Cox proportional hazards models were used to estimate the adjusted hazard ratios and 95% confidence intervals for long-term cardiovascular ( Table 4 ) and renal hospitalizations ( Table 5 ). After control for recognized confounders that were related to the metabolic syndrome (such as pregestational diabetes mellitus, chronic hypertension) and to pregnancy complications that are known to be related to subsequent maternal cardiovascular disease (such as gestational diabetes mellitus and hypertensive diseases during pregnancy), stillbirth remained independently associated with cardiovascular- and renal-related hospitalizations.
| Variable | Adjusted hazard ratio | 95% confidence interval | P value |
|---|---|---|---|
| Stillbirth | 1.6 | 1.3–2.0 | < .001 |
| Maternal age | 1.08 | 1.08–1.09 | < .001 |
| Gestational diabetes mellitus | 1.3 | 1.2–1.4 | < .001 |
| Pregestational diabetes mellitus | 2.9 | 2.5–3.3 | < .001 |
| Chronic hypertension | 2.5 | 2.2–2.9 | < .001 |
| Obesity (pregestational body mass index, >30 kg/m 2 ) | 2.3 | 1.8–2.8 | < .001 |
| Placental abruption | 1.1 | 0.8–1.5 | .44 |
| Small for gestational age | 1.05 | 0.9–1.2 | .46 |
| Hypertension during pregnancy (gestational hypertension, preeclampsia, eclampsia) | 1.6 | 1.4–1.8 | < .001 |
| Variable | Adjusted hazard ratio | 95% confidence interval | P value |
|---|---|---|---|
| Stillbirth | 3.0 | 1.3–6.7 | .006 |
| Maternal age | 1.08 | 1.04–1.1 | < .001 |
| Gestational diabetes mellitus | 0.74 | 0.3–1.4 | .39 |
| Pregestational diabetes mellitus | 3.8 | 2.2–6.5 | < .001 |
| Chronic hypertension | 6.7 | 4.2–10.7 | < .001 |
| Placental abruption | 1.2 | 0.2–5.0 | .81 |
| Small for gestational age | 0.7 | 0.3–1.6 | .40 |
| Hypertension during pregnancy (gestational hypertension, preeclampsia, eclampsia) | 2.7 | 1.7–4.3 | < .001 |
Results
During the study period, 99280 deliveries met the inclusion criteria; 1879 deliveries (1.9%) occurred in patients who had at least 1 previous stillbirth.
Table 1 summarizes the characteristics of patients with and without a diagnosis of stillbirth.

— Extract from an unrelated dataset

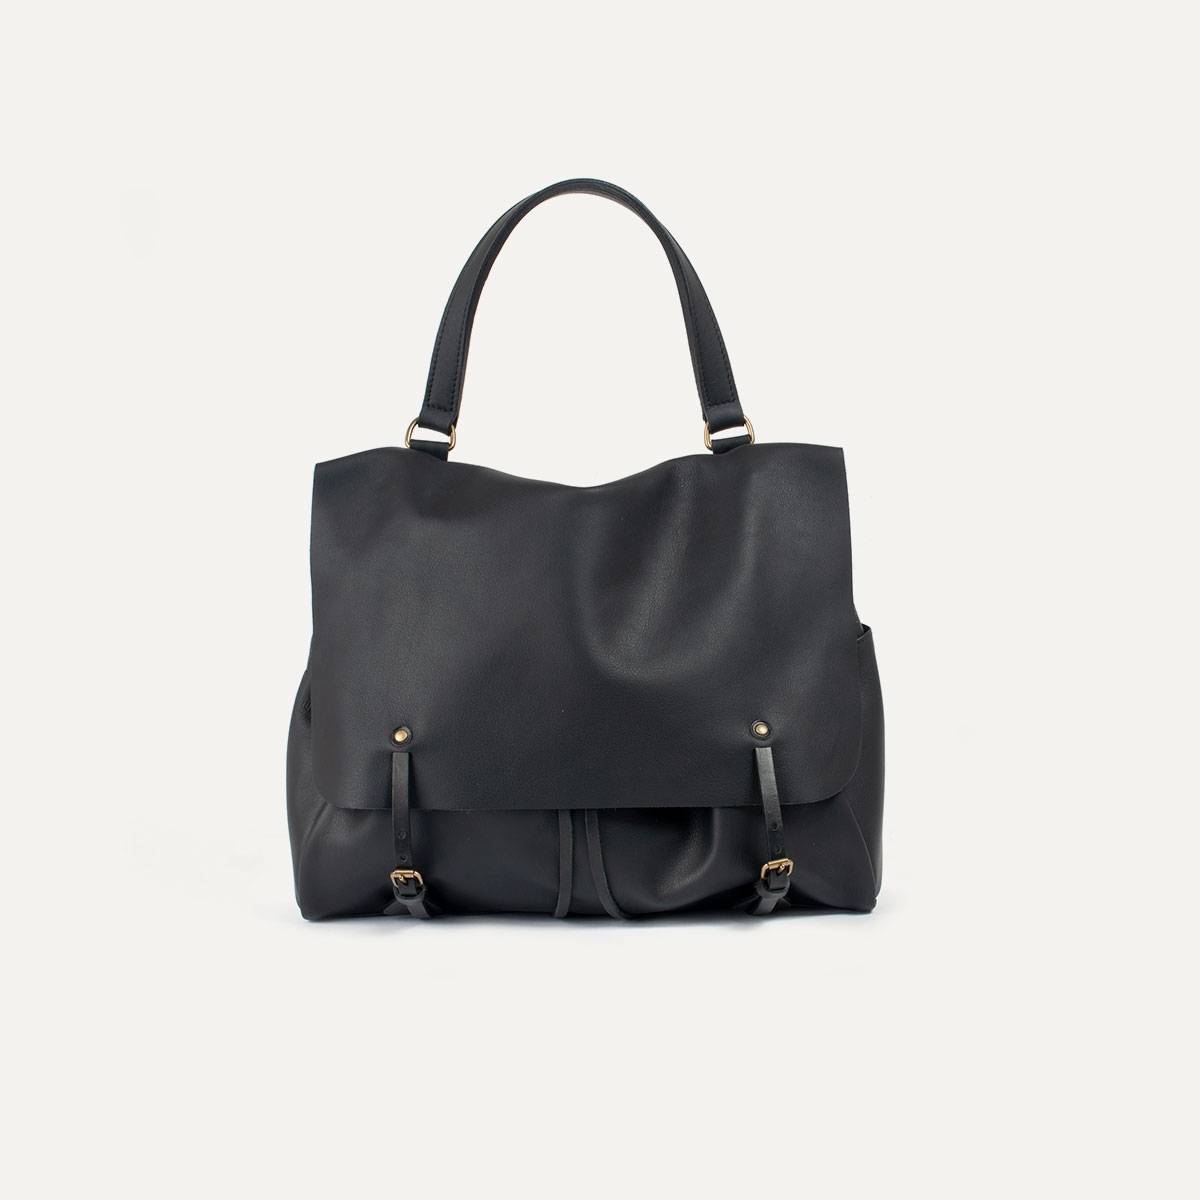 Colette leather satchel - Black (image n°1)

Patients who experienced at least 1 stillbirth were significantly older and of higher parity than the comparison group. In addition, patients with a history of stillbirth had higher rates of other pregnancy complications such as SGA and placental abruption. Patients with a history of stillbirth had lower rates of gestational diabetes mellitus.